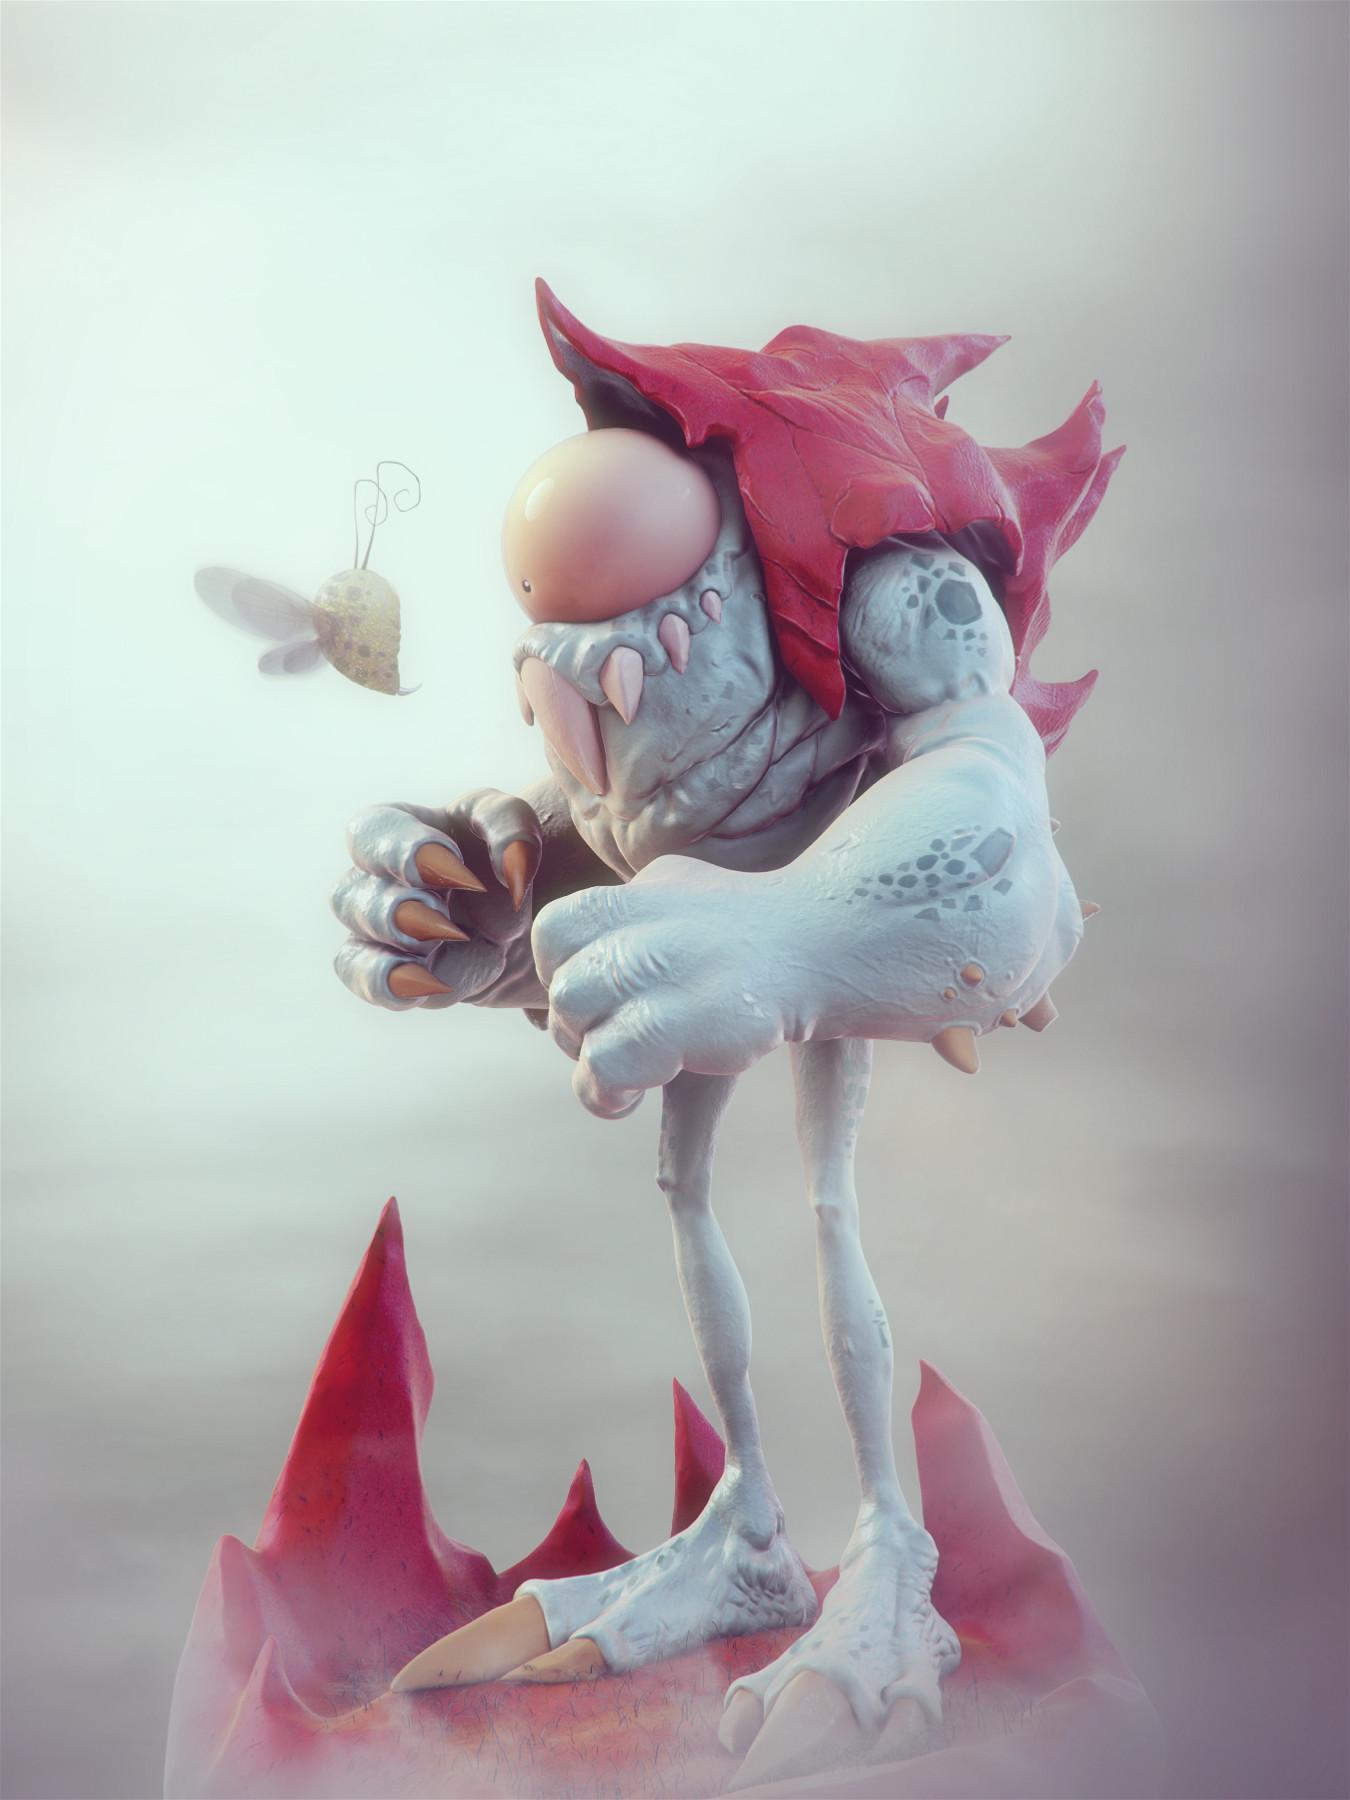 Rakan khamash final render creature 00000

* * *

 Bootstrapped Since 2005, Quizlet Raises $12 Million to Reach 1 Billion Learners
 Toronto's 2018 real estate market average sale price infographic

--

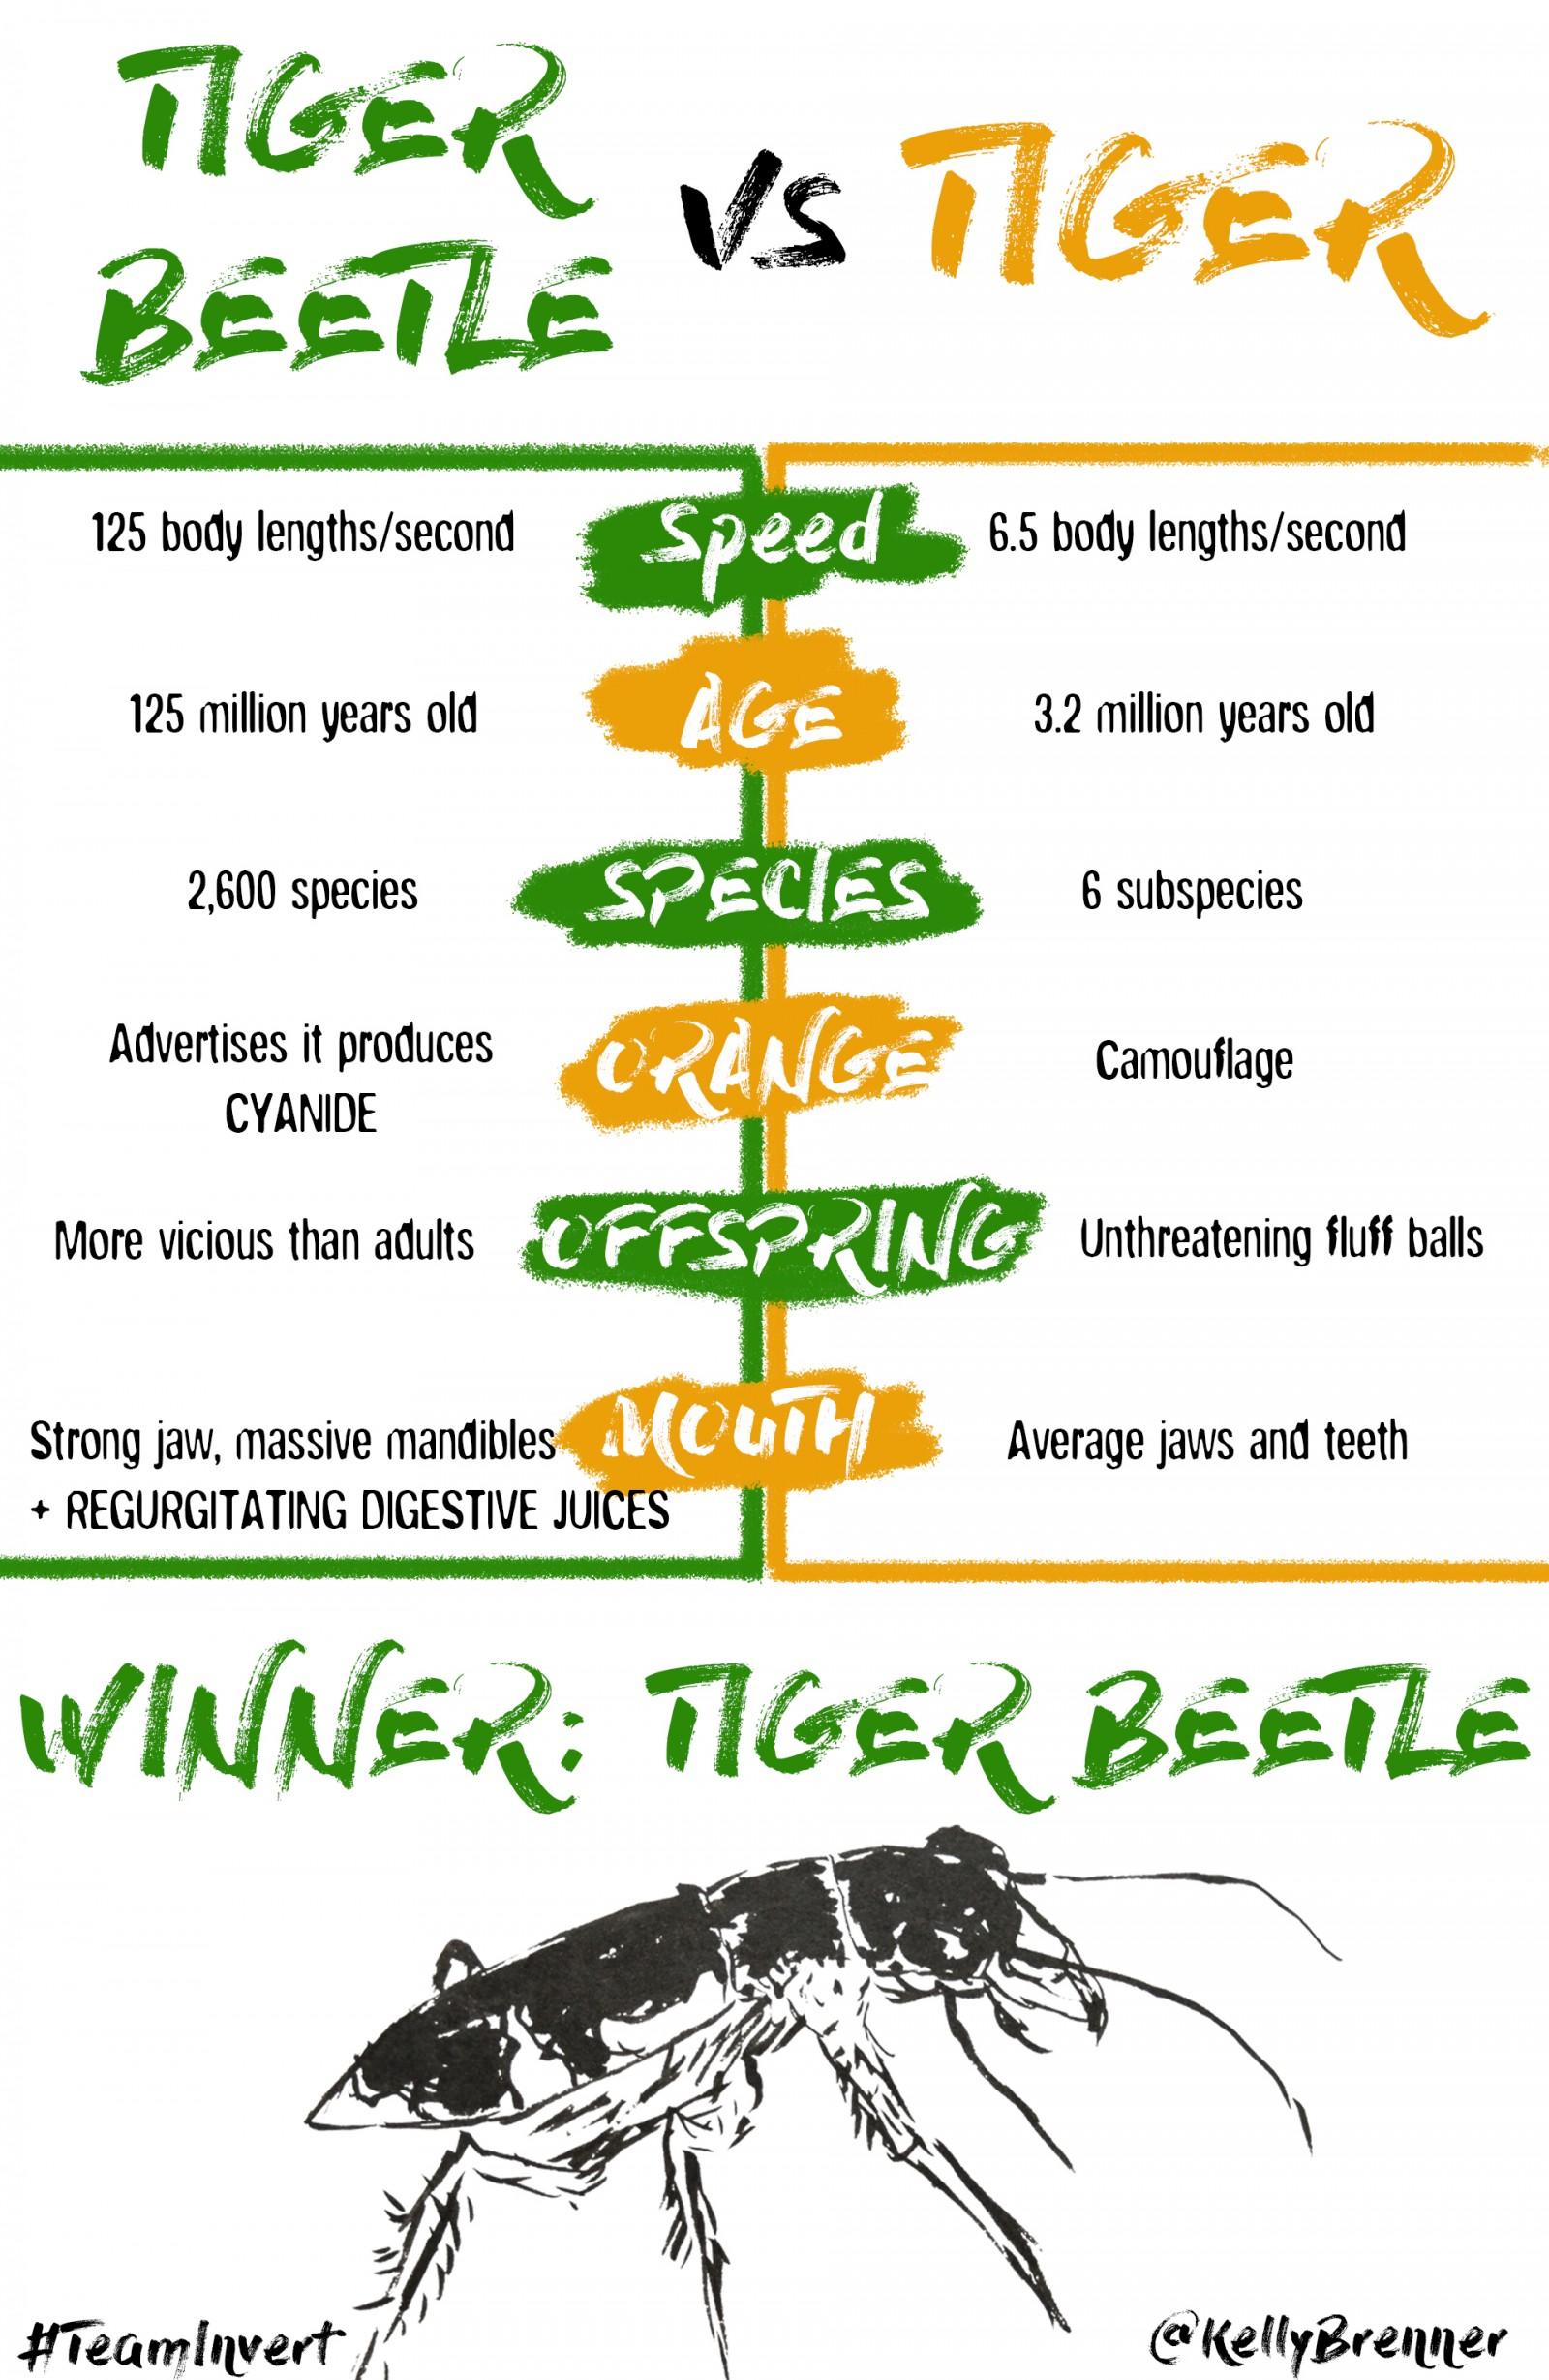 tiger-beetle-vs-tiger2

# Problem:
Every line above from the line with "Bootstrapped Since 2005, Quizlet" to the line with "Toronto's 2018 real", inclusive, must be returned exactly; no other line belongs in the reply.

# Written response:
 Bootstrapped Since 2005, Quizlet Raises $12 Million to Reach 1 Billion Learners
 Toronto's 2018 real estate market average sale price infographic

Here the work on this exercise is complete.